WHAT THIS TASK INVOLVES: Your answer must be the exact lines from the one with "10.8.18Chris Giles - Claire" to the end of the data, both included, with no pictures.

------ STORED DATA ------

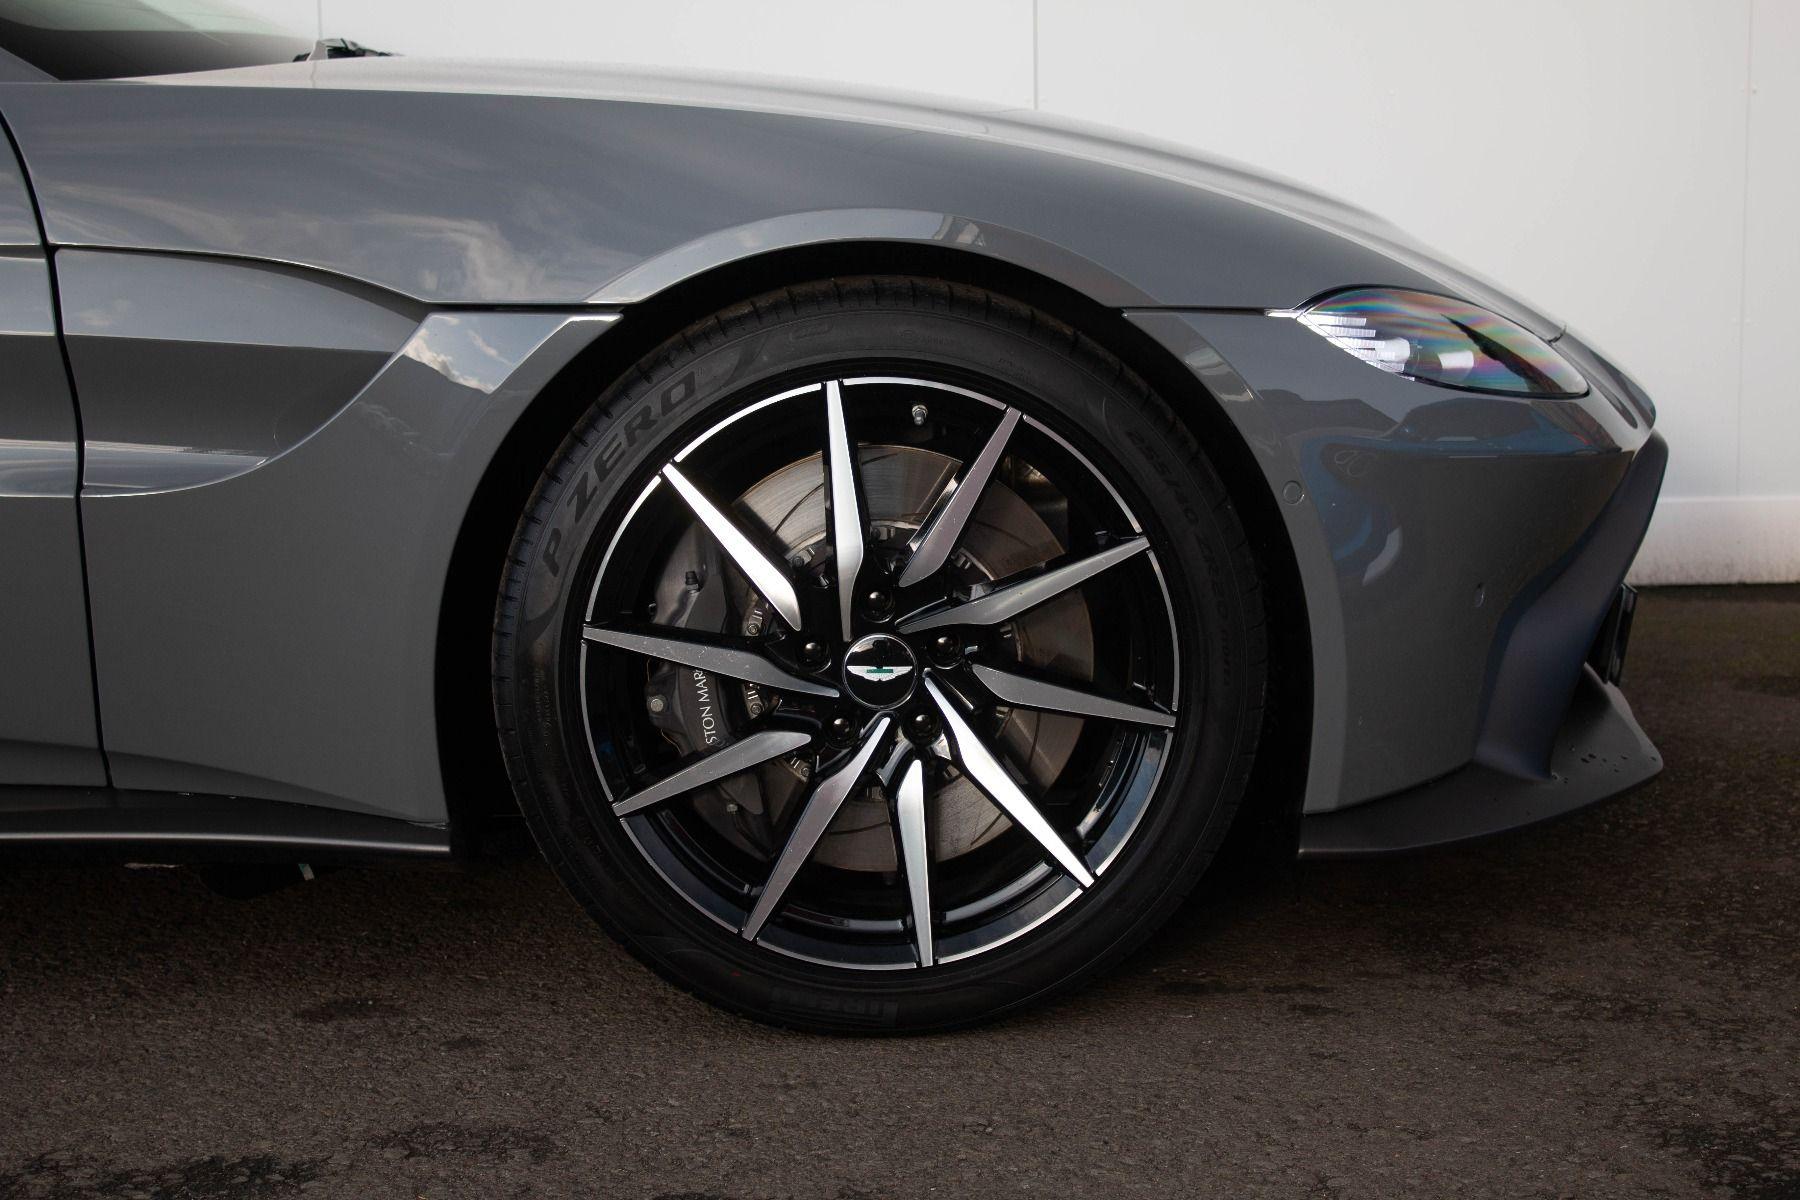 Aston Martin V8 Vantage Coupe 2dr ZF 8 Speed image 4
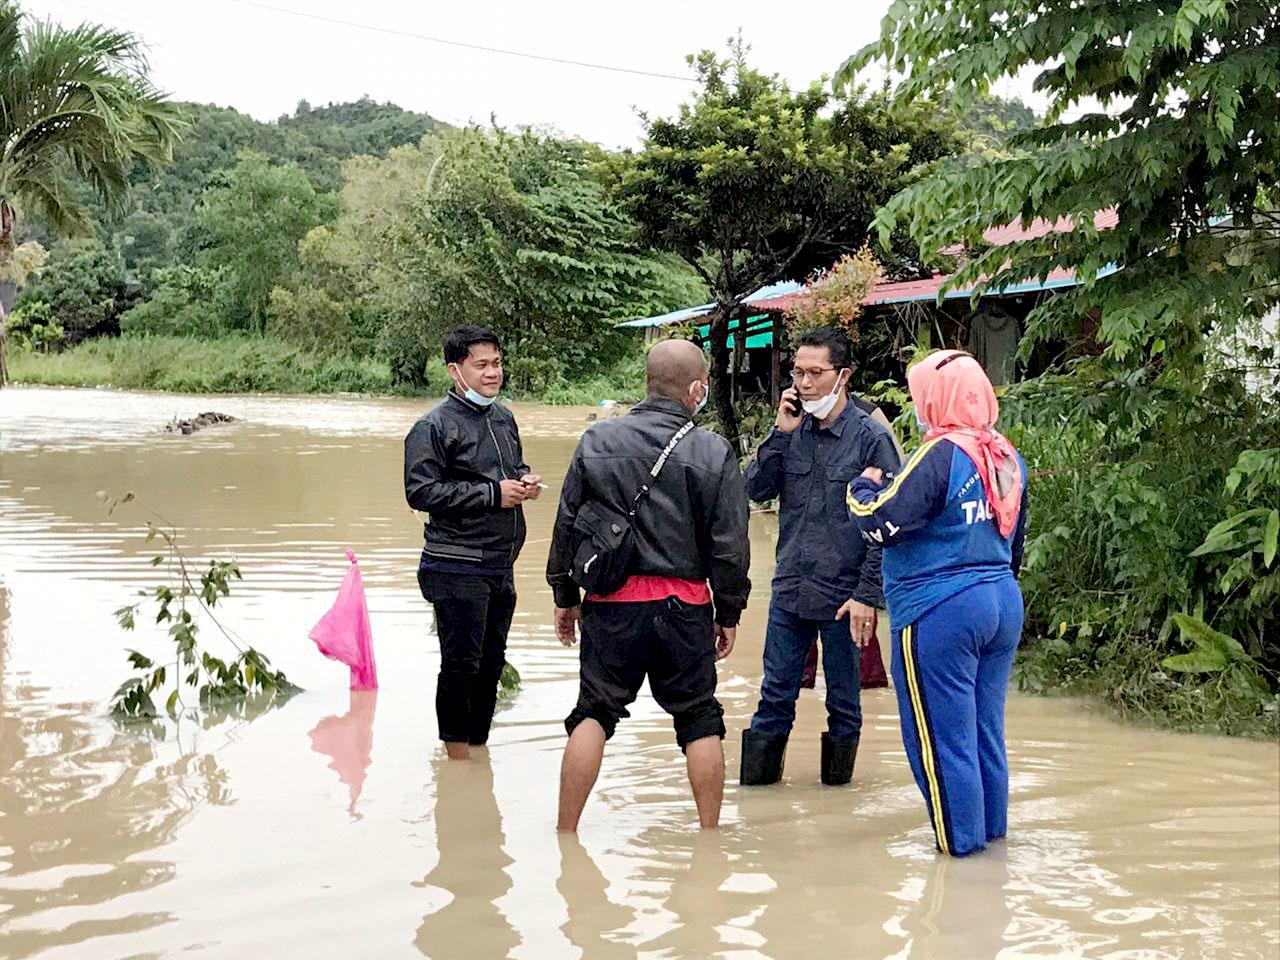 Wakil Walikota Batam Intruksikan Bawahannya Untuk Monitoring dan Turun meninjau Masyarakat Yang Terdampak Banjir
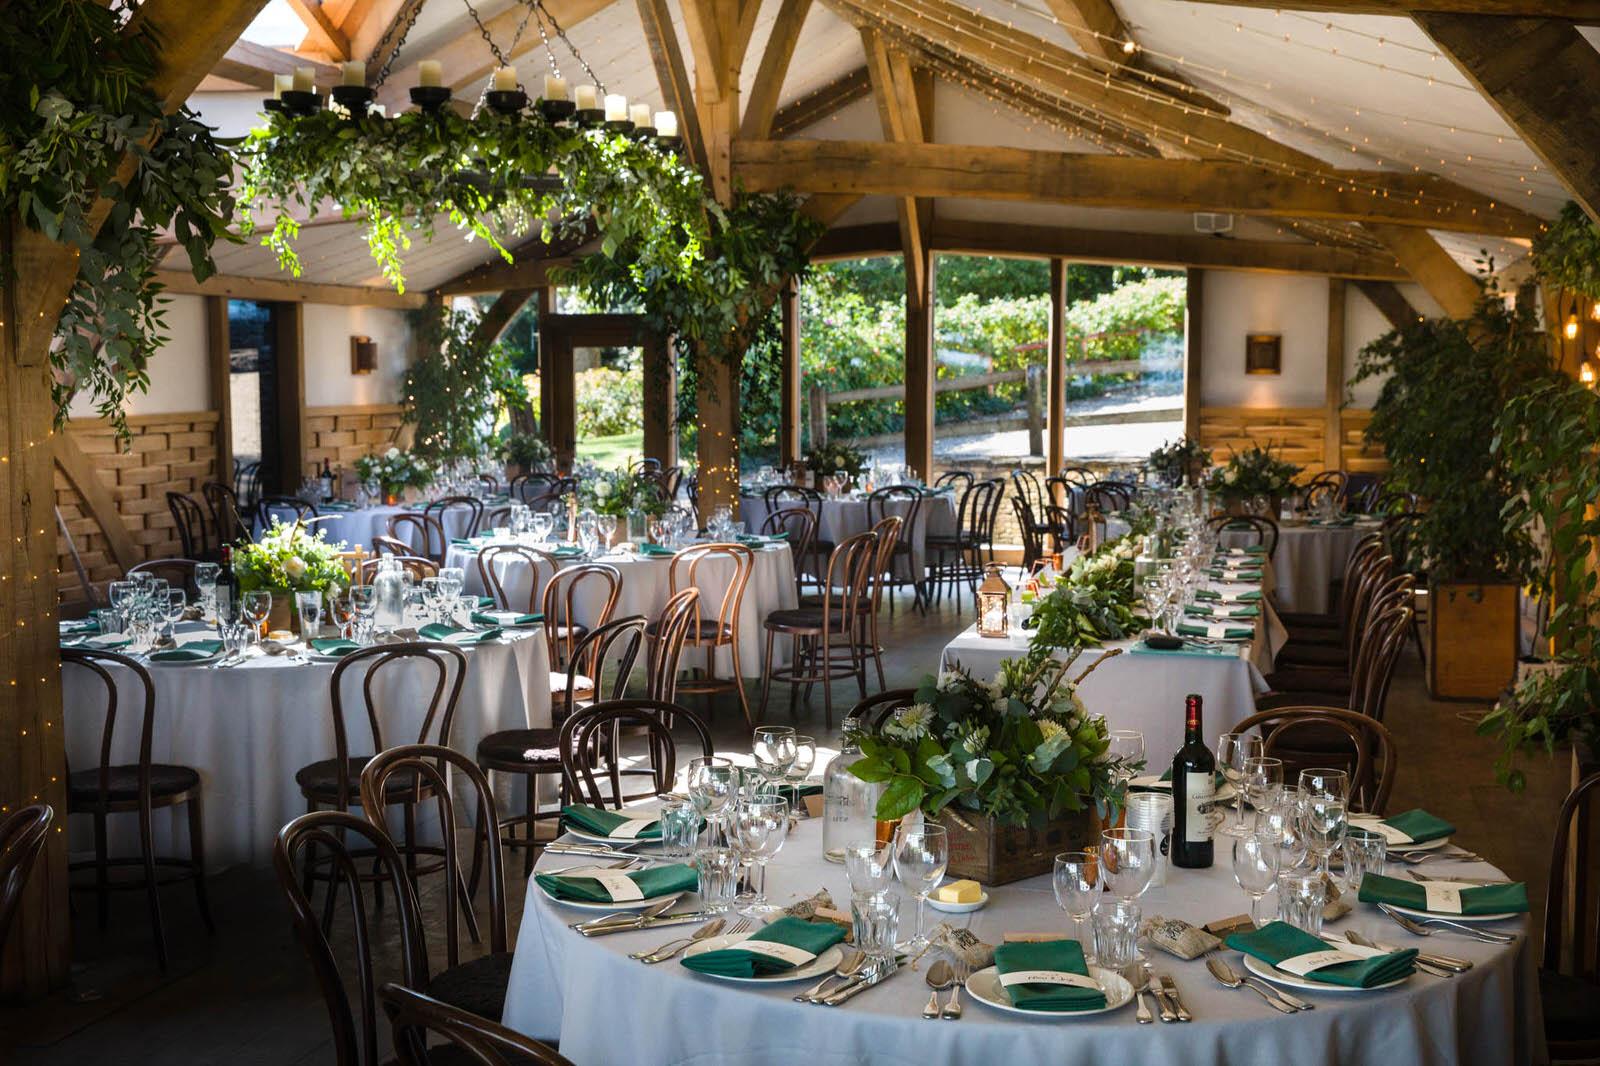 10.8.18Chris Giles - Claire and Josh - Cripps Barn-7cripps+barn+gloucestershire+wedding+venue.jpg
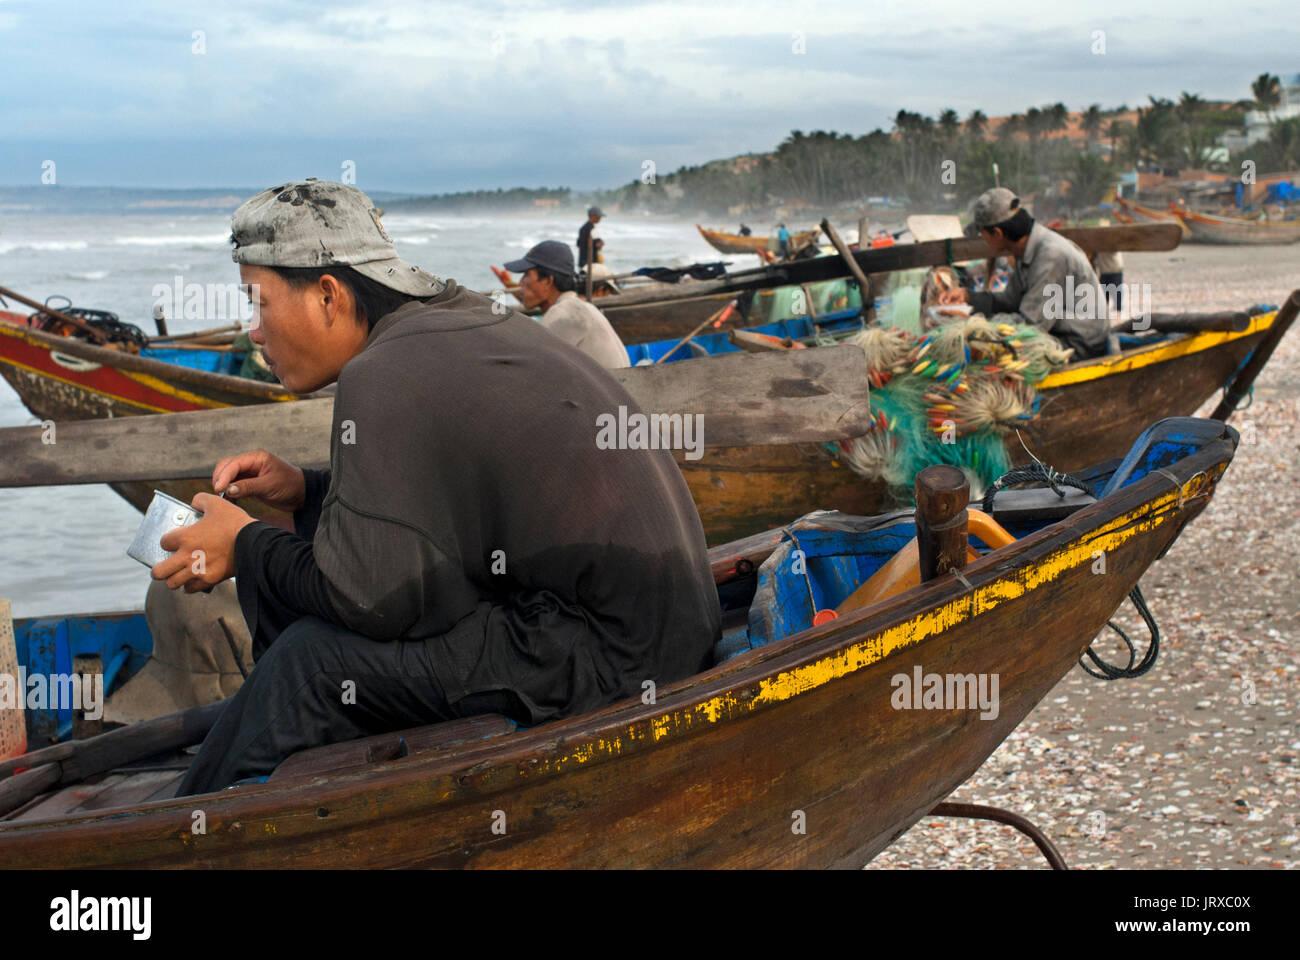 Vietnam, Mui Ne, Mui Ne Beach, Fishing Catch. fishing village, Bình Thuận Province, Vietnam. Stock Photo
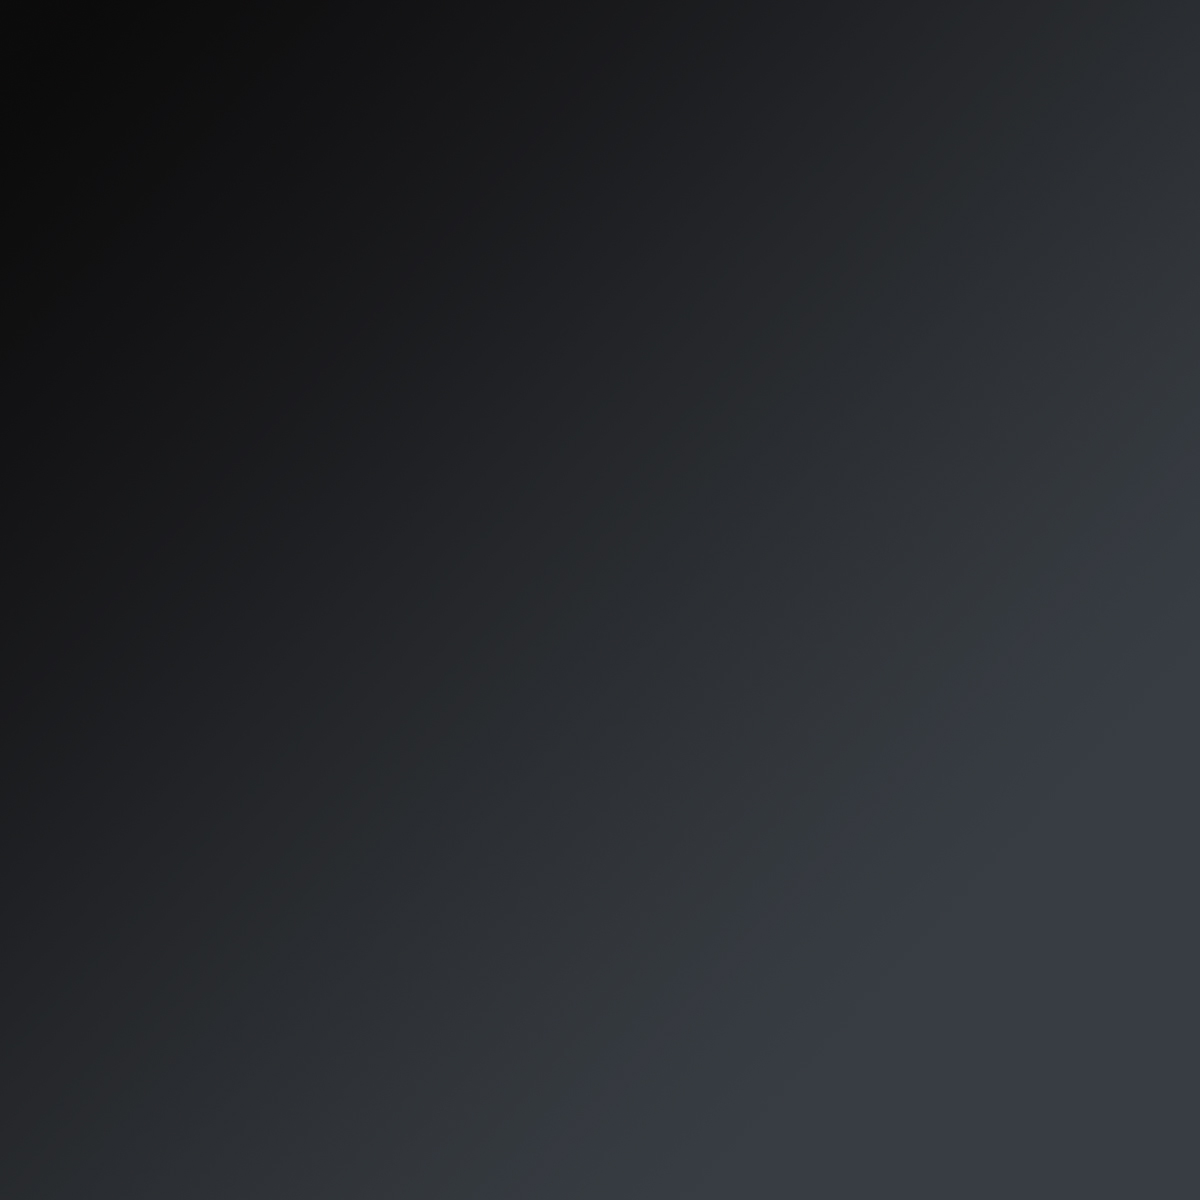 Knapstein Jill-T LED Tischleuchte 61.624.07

------

FINISHED EXERCISE:
 10.8.18Chris Giles - Claire and Josh - Cripps Barn-7cripps+barn+gloucestershire+wedding+venue.jpg
 Vietnam, Mui Ne, Mui Ne Beach, Fishing Catch. fishing village, Bình Thuận Province, Vietnam. Stock Photo
 Knapstein Jill-T LED Tischleuchte 61.624.07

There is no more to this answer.